Experience can be… Taking time for…

Experience can be….the problem

Those of us who’ve been around for a while tend to have a problem. It’s not that we know everything, but rather that we’re sometimes unreasonably certain about the correctness of what we believe we know.

It’s not that what we’re certain of is incorrect. But the nature of our brain’s wiring is such that repeating a thing, or just believing something over time tends to make what may (or may not have) been true, absolute gospel in our minds.

The cure is pretty simple: We need to be open to rethinking those embedded ideas and practices.

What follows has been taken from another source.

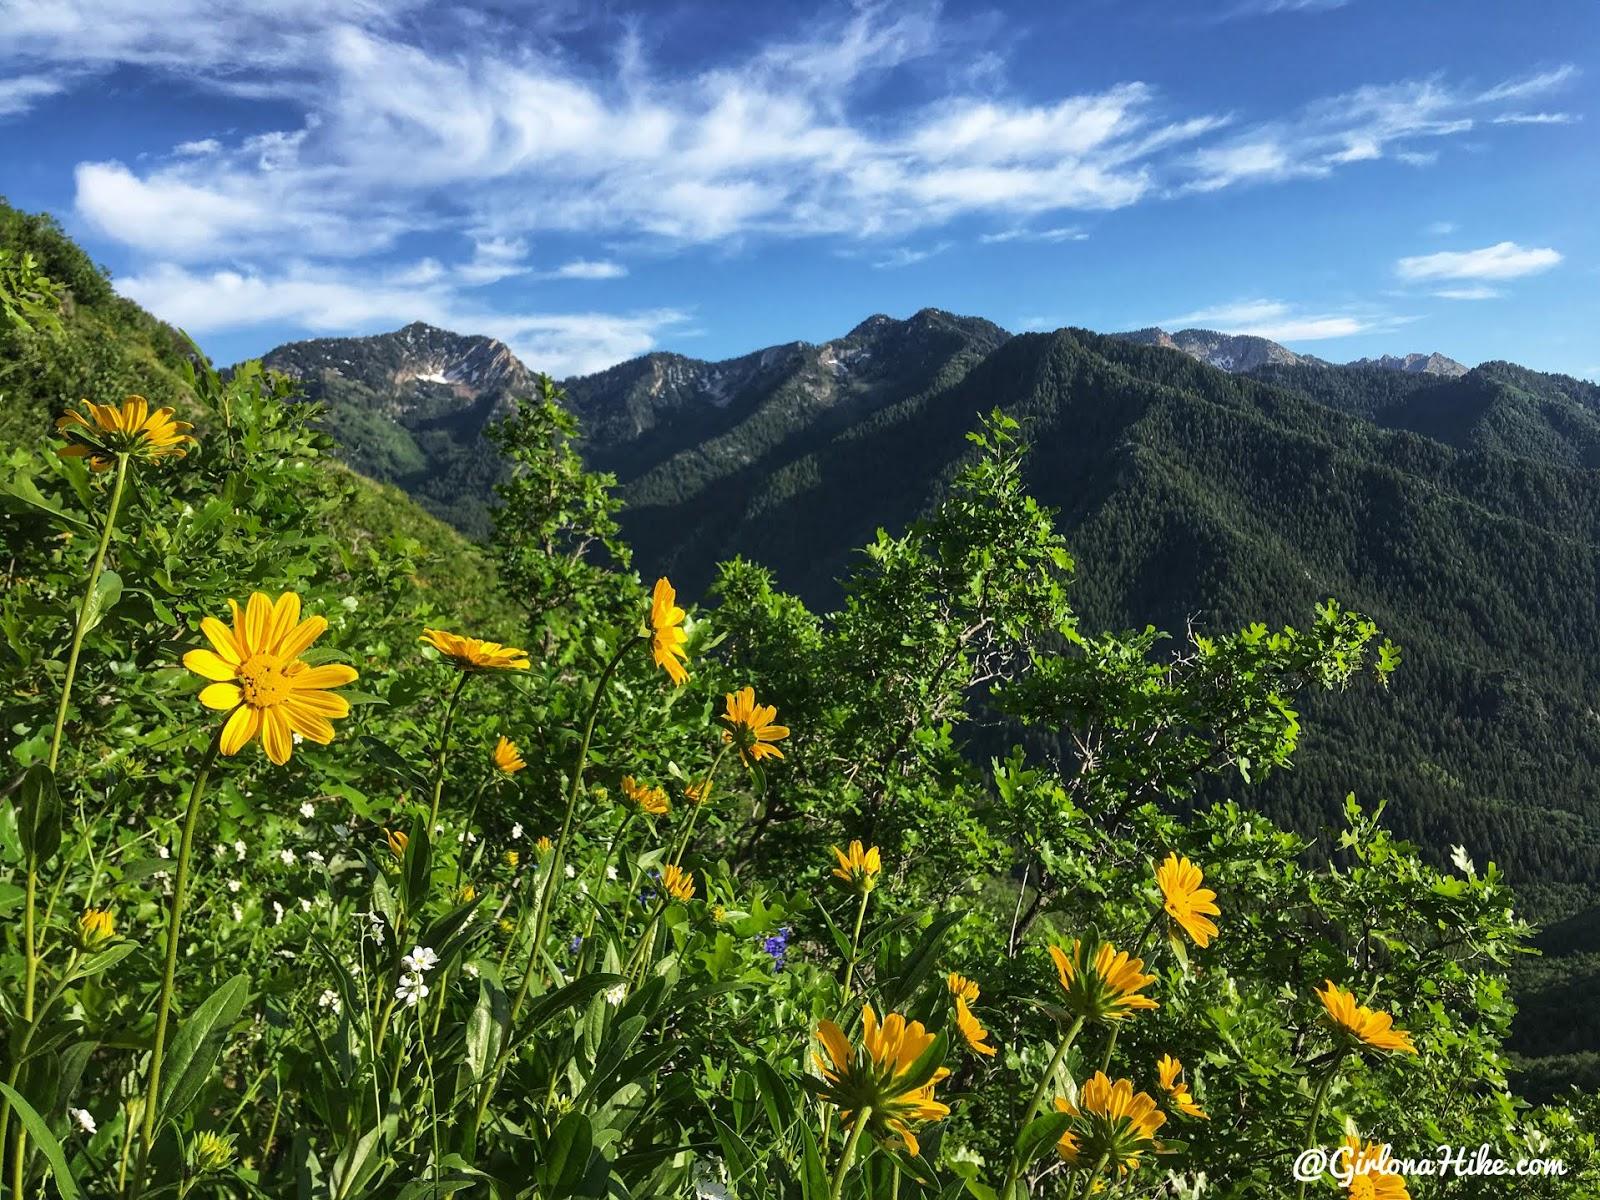 Hiking to Church Fork Peak, Milcreek Canyon

Take prospecting. Do we absolutely have the best way to approach a new on-premise laundry prospect? It’s not that our tried-and-true way is bad, but is it the best for every occasion? Perhaps it is, but probably is it isn’t.

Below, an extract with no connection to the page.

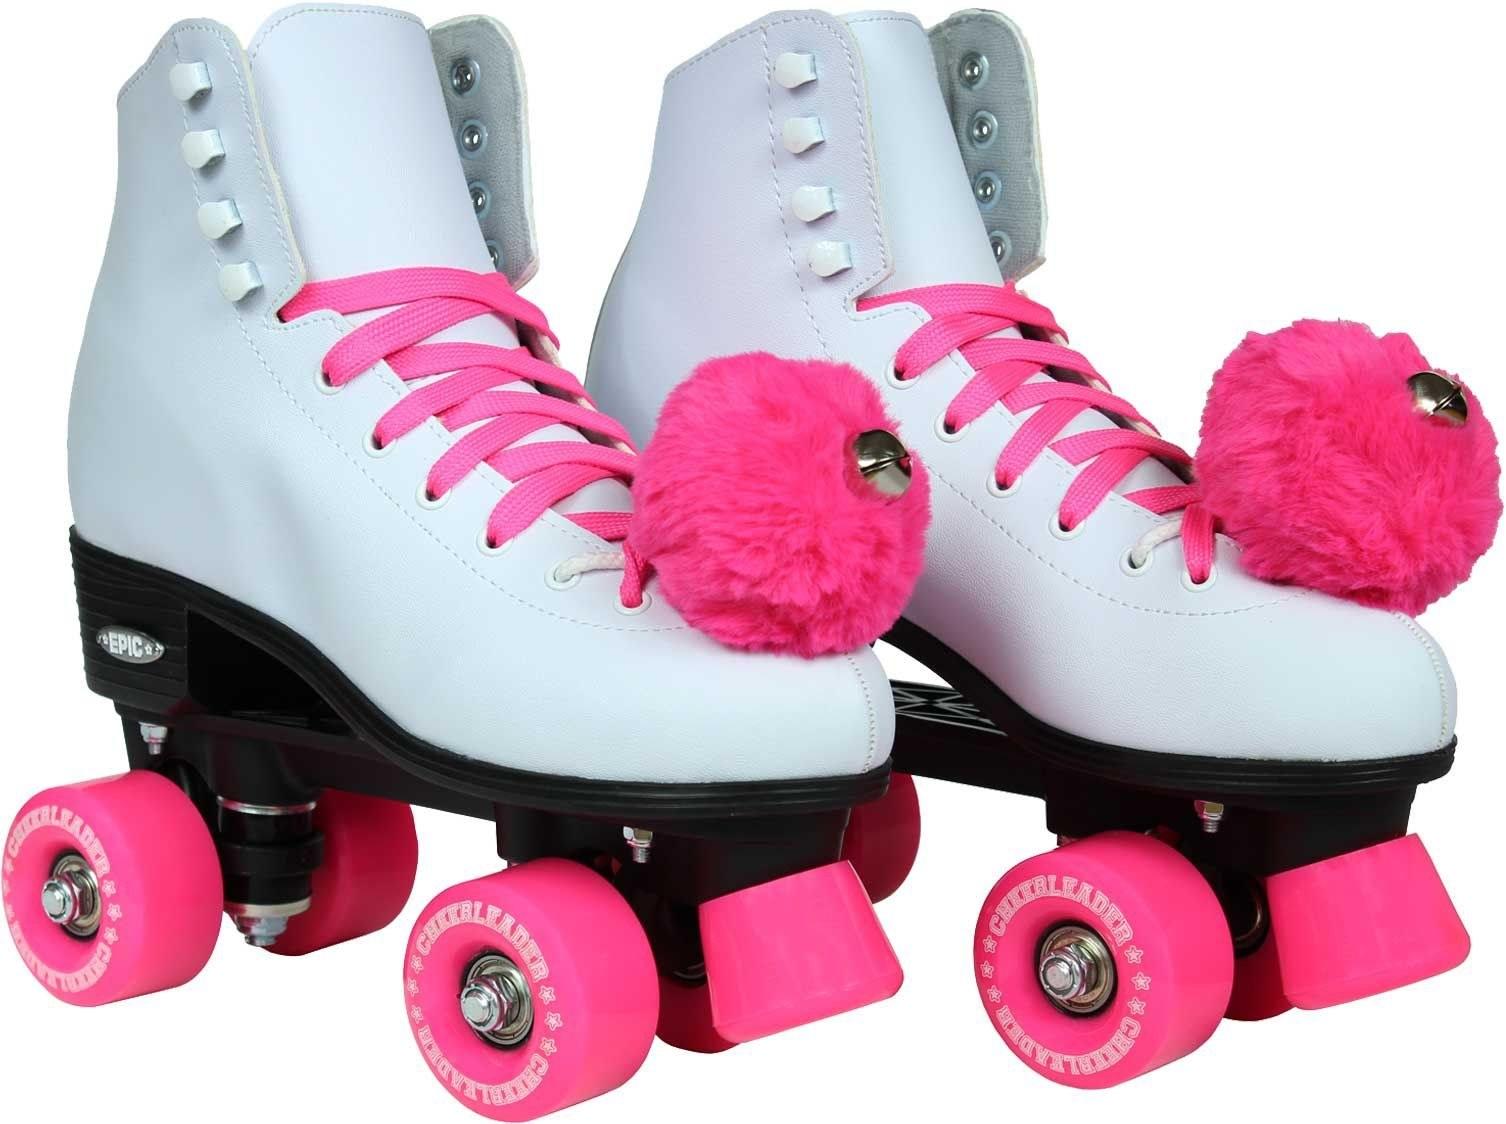 a pair of epic women's cheerleader quad roller skates

The challenge is being sufficiently open to rethinking what we’ve taking for granted. Of course what’s been working for years professionally, or as a deeply held personal belief isn’t something to be discarded of casually. But being open to considering that possibility needs to be on the table.

Next up: What we don’t know.

Taking time for …everything and nothing

For most of us the fact is that we’re just too busy. Whether it’s responding to an emergency call during an already busy day, finding time to visit all of our accounts in a timely fashion, or just dealing with all the headaches of business, we’re perennially a dollar short and a day late. BTW that also goes for our personal lives. Between yard work, soccer games, dance recitals, school activities, etc., etc., life is pretty hectic. The question is how to balance it all.

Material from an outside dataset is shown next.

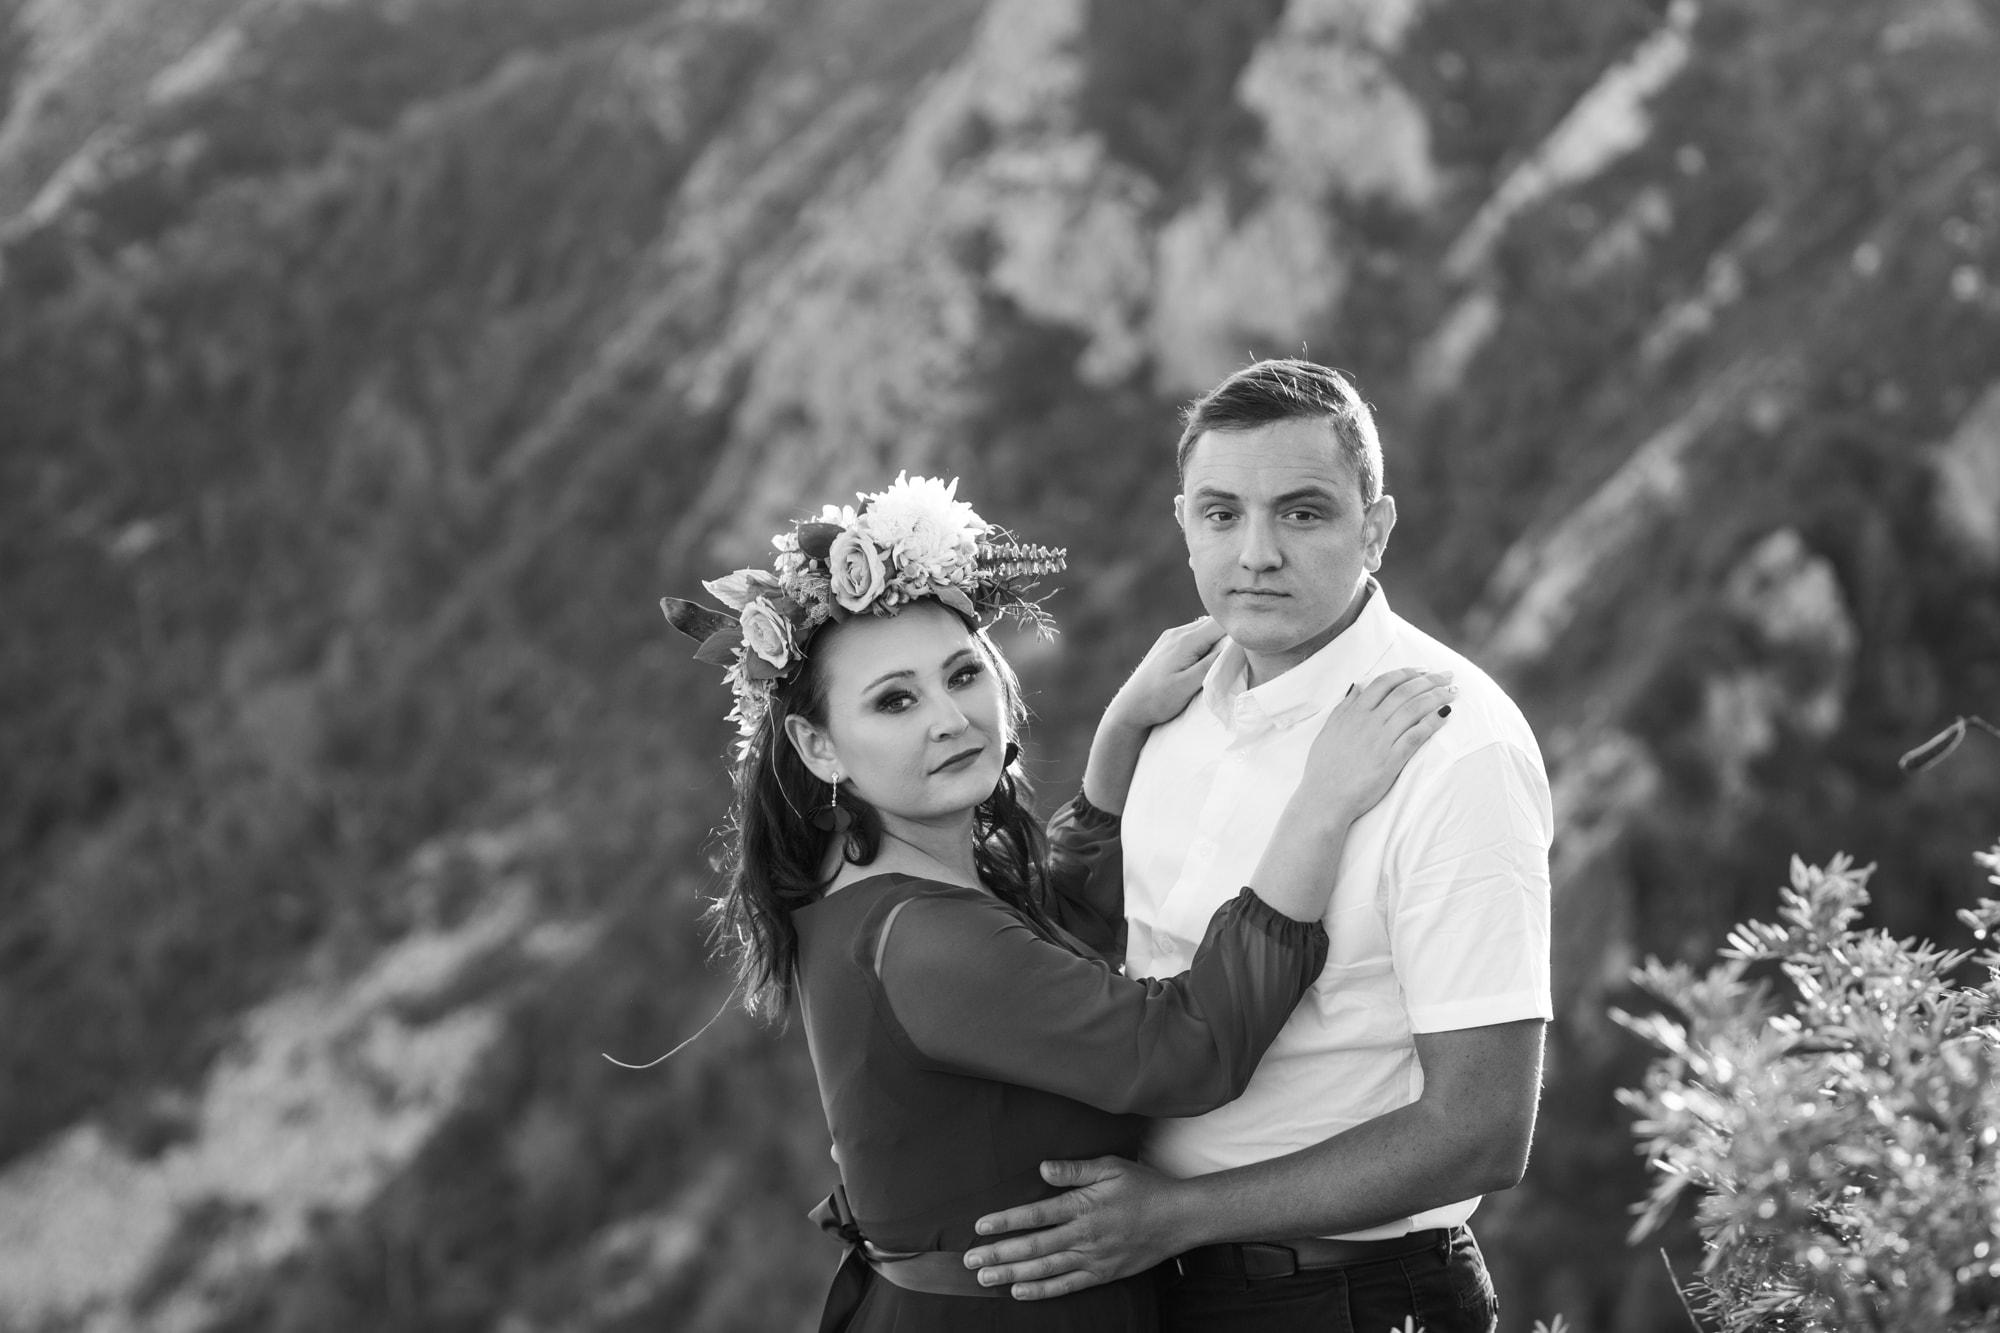 jesann-freddie-kranshoek-engagement-June-Richards-Photography-Destination-Weddings-Elopements-Garden-Route-47

Well not surprisingly it always comes down to prioritizing those demands. If we allow ourselves to simply respond to the next squeaky wheel, we’ll almost certainly fail to address the really important stuff. But by taking a extra few seconds to ask ourselves a simple question we can avoid that potentially costly error.

That question is this, “Is what I’m about to do advancing my goals?” If that answer is yes, then let the distraction take first place in line. If not, then ask the next question. ‘What will be the worst outcome if I don’t let it distract me? If that consequence can be lived with then maybe it just has to wait its turn in line.